İTİRAZNAME-KARA KÖPRÜ HIYARI
T.C.
ÇANKIRI SULH CEZA HÂKİMLİĞİNE
Sunulmak Üzere
ÇANKIRI CUMHURİYET BAŞSAVCILIĞINA
Soruşturma no:2014/xxx
Suç Tarihi :00/00/2014
Tebliğ Tarihi :00.00.2014
İtiraz eden :Orhan Yılmaz
T.C.Kimlik no :00000000000
Adres :Xxxxxxx Mahallesi Dxxxxxx xxxxxxxxx
Axxxx no:00 ÇANKIRI
Konu:Çankırı Cumhuriyet Başsavcılığının 2014/0000 soruşturma numaralı Ek Kovuşturmaya yer olmadığı kararına yasal itirazımdır.
GEREKÇE;
Adım Orhan Yılmaz Türkiye Cumhuriyeti Devletinin 00000000000 kimlik numaralı vatandaşı olarak bu suçlara mahal olan Kolağası İsmail Efendi Konağı yakınında ısrarla Kara Köprü Hıyarı yetiştirmek isteyen cahil bir bahçevanım.Dediğim üzere Kara Köprü Hıyarı Çankırı nın bir kültürü ve Kültürel varlığıydı.Ben karanlık bir orduyla bu Hıyarı yetiştirmek için mücadele verirken İsrail menşeli dölsüz hıyarlar her ne kadar Çankırı Halkının yaşam tarzına sunulmuş olsa da halk hala Kara Köprü Hıyarını ve o günleri ısrarla aramaktadır.

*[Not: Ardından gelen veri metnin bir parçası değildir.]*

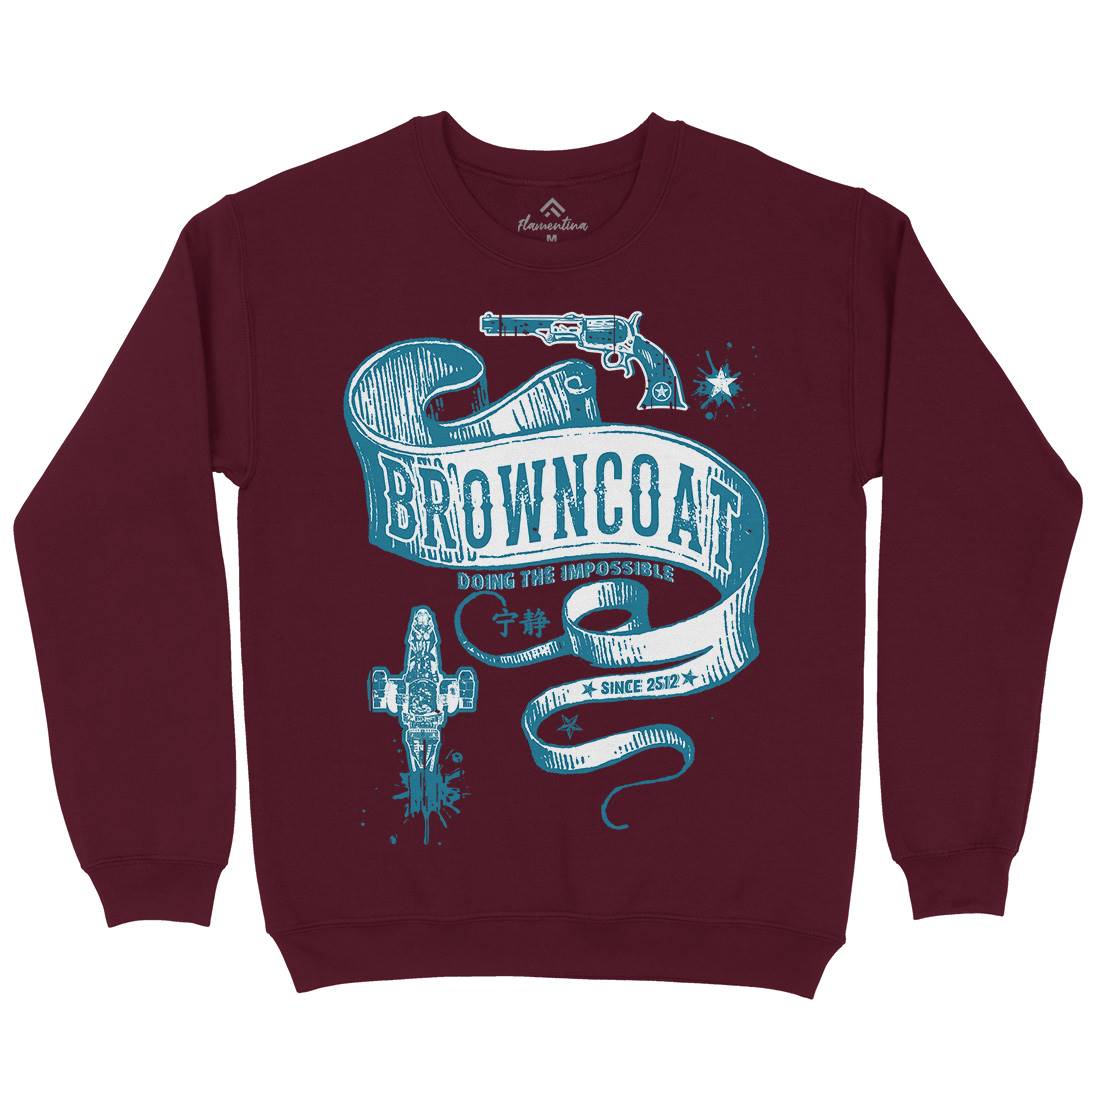 Browncoat Kids Crew Neck Sweatshirt Space D283

Bu ulusun Sulh Ceza Hakimliği ve Hakimi olarak şimdi diyeceksiniz ki bu olayla Hıyarın ne alakası var?Kara Köprü Hıyarı yetişen günlerde Çankırı da halk hakaret nedir bilmezdi.Amir amirliğini memur memurluğunu bilir,yasalar uygulanır ve yasalar halkın bütünlüğü için korunurdu.Halk ve benim gibi bu cehaliye dönemine tanık olanlar bile Kamuya ve görevlilerine saygıda kusur etmezdi.Kara köprü Hıyarının da Halkında bir onuru,şerefi ve saygınlığı vardı.Ben bu Hıyarı yetiştirmek için mücadele verirken Devlet ve Adalet Kara Köprüde oturuyor diye beni bir ara Hıyar sanıp üzerimdeki elbiselere kadar soymuş yine böyle bir Müslüman bayramının arifesinde polis merkezinde elbiselerimi iade etmişti.Neyse konunun uzmanlarınca meyve ve sebzeler kabuklarıyla yendiği taktirde çağın vebası kansere karşı koruyucu bir kalkan oluşturuyor dese de ben hala Hıyarın özellikle Kara Köprü Hıyarının sebze mi meyve mi olduğuna karar veremedim.İnsan kanser olurda,bizim Devletimiz Türkiye Cumhuriyeti Devleti kanser olmaz mı bakın oldu işte.Başbakanımız her kurumu kanser hücreleri gibi saran paralel yapının (Cemaatin) devleti yok etme gayesini açıklarken mücadeleyi mubah saymıştır.Hıyar da olsa diyorum kabuğuyla yenmeli.Ben bu olayda her olayda olduğu ve vukuu bulduğu üzere kendimi Kara Köprü Hıyarı gibi hissetmiş olmakla kalmamış uzun senelerdir hıyar gibi yaşarken Savcılığın bu ek kovuşturmaya yer olmadığı kararını bana yapılan en büyük hakaret olarak görmekteyim.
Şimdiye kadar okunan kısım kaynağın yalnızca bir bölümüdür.